Они все пришли проводить корабль: и Сигина, взятая благодарным УЛОЙХО в
свой дом, и Дикерона со спутницей, и цветущая Рейтамира, сопровождаемая
Кей-Сонмором. "А что? - будто бы заявил луга своему почтенному батюшке. - Ты
вот завел себе усадьбу, хотя все прежние Сонморы были бездомными. Ну и я
стану первым, кто женится..." Он уже купил Рейтамире черепаховые гребни для
волос и обещал разузнать, что легче устроить: самим ехать в Галирад к
знаменитому Декше или заплатить какому-нибудь мореходу, чтобы доставил
одноглазого поэта в Кондар.
Дикерона крепко обнял Волкодава жилистыми руками в сетке белеющих
шрамов. "Прощай, оборотень, - сказал он. - Счастливо тебе". "Может, еще
увидимся..." - понадеялся венн и запоздало сообразил, что ляпнул не то.
Дикерона усмехнулся. "Если я встречу святого, который, как предсказала
гадалка, вернет мне глаза, может, и вправду увидимся... - Запустил руку в
рукав, расстегнул узкие пряжки и протянул Волкодаву длинный нож в ножнах: -
Держи на счастье". Волкодав не придумал ничего лучше, чем отцепить от пояса
свой старый боевой и сунуть его мономатанцу в ладонь: "Повстречай этого
святого, друг".
Сумасшедшая Сигина подошла к нему последней, и он опустился перед
старой женщиной на колени. "Я все забываю рассказать тебе, - шепнула она, -
про того венна, который был моим сыном.

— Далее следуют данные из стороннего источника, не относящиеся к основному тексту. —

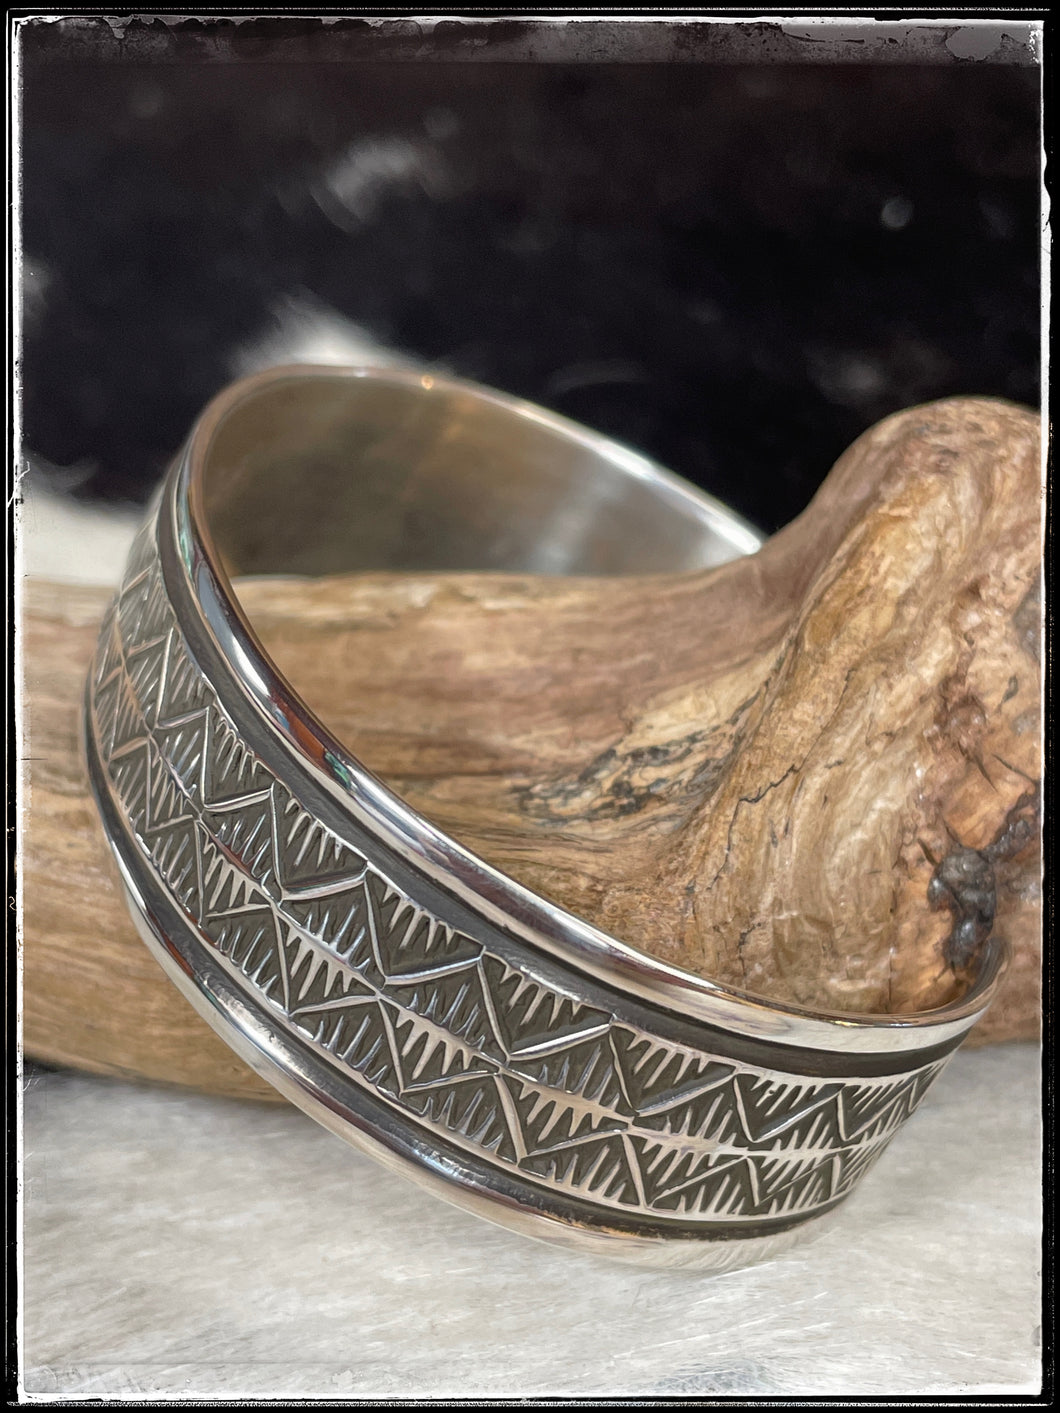 Adrian Reeves Long stamped sterling silver cuff

Я вспомнила знаки у него на поясе и
на сапогах". "Какие знаки?" - отчего-то насторожившись, спросил Волкодав.
Сигина, ласково улыбаясь, смотрела ему в глаза. "Он из рода Волка, - сказала
она. - И у него вот тут, на левой щеке, две родинки. Это я к тому, чтобы ты
сразу узнал его, когда встретитесь. Ты не забудешь ему передать, что я жду в
гости и его, и тебя?.."
Возле мачты корабля был устроен трюмный люк, огороженный парусиновой
занавеской таким образом, чтобы не поддувал ветер. Время от времени из люка
высовывалась рогатая голова, и над палубой разносилось мычание. В трюме
путешествовала пестрая корова, любимица Астамера, не боявшаяся ни качки, ни
иных морских неудобств.
Когда-то давно над ее хозяином пробовали смеяться. Потом прекратили.
Нрав у Астамера был тяжелый, рука - тоже. Вдобавок и мореплавателем он был
замечательным. Ну и пусть себе доит свою пеструшку прямо посреди океана,
коли так уж охота. В конце концов, кто не знает, что самого первого сегвана
вылизала своим языком из соли, скопившейся на берегу, божественная корова...
Мыш, которому очень не нравилось в море, отсиживался либо в трюме
вместе с большим теплым животным, либо влезал за пазуху Волкодаву.
Йарра сидел между аррантом и венном. На нем были крепкие сапожки,
плотные штаны, стеганая курточка и новенькая рубашка. Все казалось еще
жестковатым и как бы не своим, еще не обмялось по телу, не вобрало его
запах. Прежние обноски были тщательно выстираны и уложены в сумку. За
неполный год сиротства старая одежда сделалась Йарре коротка и к тому же до
того изодралась и вытерлась, что вряд ли пристойно было в ней даже мыть
корабельную палубу. Следовало бы подарить ее нищим или пустить на тряпки, но
поступить так с рукоделием погибшей матери Йарра не мог.
Он знал, что берег его родины покажется еще очень не скоро, но это не
имело никакого значения. Ему хотелось побежать на самый нос корабля и стоять
там, не сводя глаз и даже не моргая от ветра, пока не поднимется над
горизонтом земля. Йарра хорошо помнил расставание с родиной. Он ведь был
тогда уже совсем взрослым. Конечно, не таким взрослым, как теперь, но
все-таки. Он помнил, как медленно погружался в воду Заоблачный кряж, как
величавые пики сперва превратились в гористые острова, разделенные морем,
потом стали неотличимы от туч, вечно кутавших сгорбленные плечи хребтов, и
вместе с этими тучами наконец растворились в небесной дымке, растаяли без
следа.
Последним пропал из виду двуглавый исполин, священный Харан Киир...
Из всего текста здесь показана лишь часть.